A group of five Israeli women have filed a lawsuit in Israels high court in an effort to reform bus lines primarily used by ultra-orthodox jews. Women who use these public bus lines must sit in the rear of the bus (while only males can sit in the front) and are abstained from wearing immodest clothing on public bus lines. The lawsuit alleges that these women were harassed, humiliated, taunted and even physically assaulted on the buses. One of the women who filed suit is Naomi Ragen, a feisty New York-born novelist and feminist...signed on to a new legal challenge to the de facto gender-segregation on more than 30 public bus lines in Israel, and the restrictions randomly enforced by men and self-styled modesty patrols.

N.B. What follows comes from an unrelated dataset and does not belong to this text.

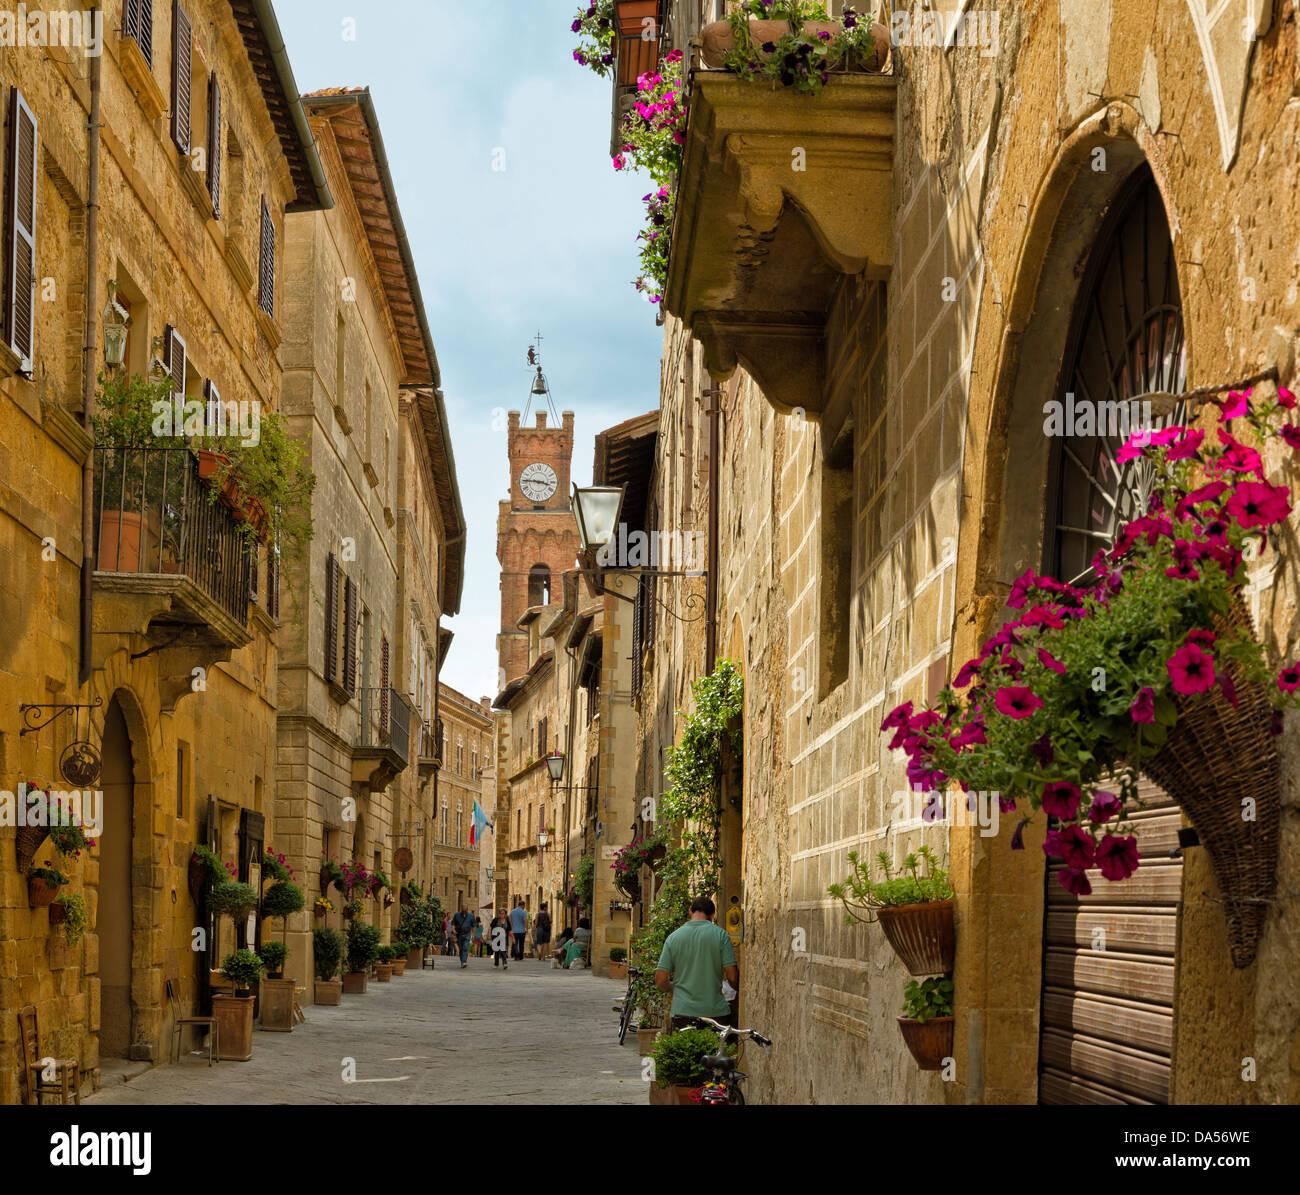 Pienza italy europe tuscany toscana town city lane houses stock photo 57892842 alamy - Casa rural en la toscana ...

Last month, in a major decision, a committee of leading ultra-orthodox rabbis ruled that Haredi women should no longer be allowed to get academic degrees beyond high school. That is potentially devastating in the Haredi culture, because women are the main family breadwinner while the men study the Torah full time.
According to supporters, the legal challenge is part of a wider religious and cultural struggle against what some see as the growing radicalism and political clout of the ultra Orthodox.
According to the opponents, they call the lawsuit an attack on Haredi religious values and culture. Shira Leibowitz-Schmidt, an Israeli educator and writer of the Haredi Collee for Women says, the gender segregation is a natural attempt by the ultra Orthodox to combat what they see as secular Israels growing permissiveness and the eroticization of public places.
The legal challenge to the gender-segregated Haredi bus lines is scheduled to go before Israel's High Court later this year.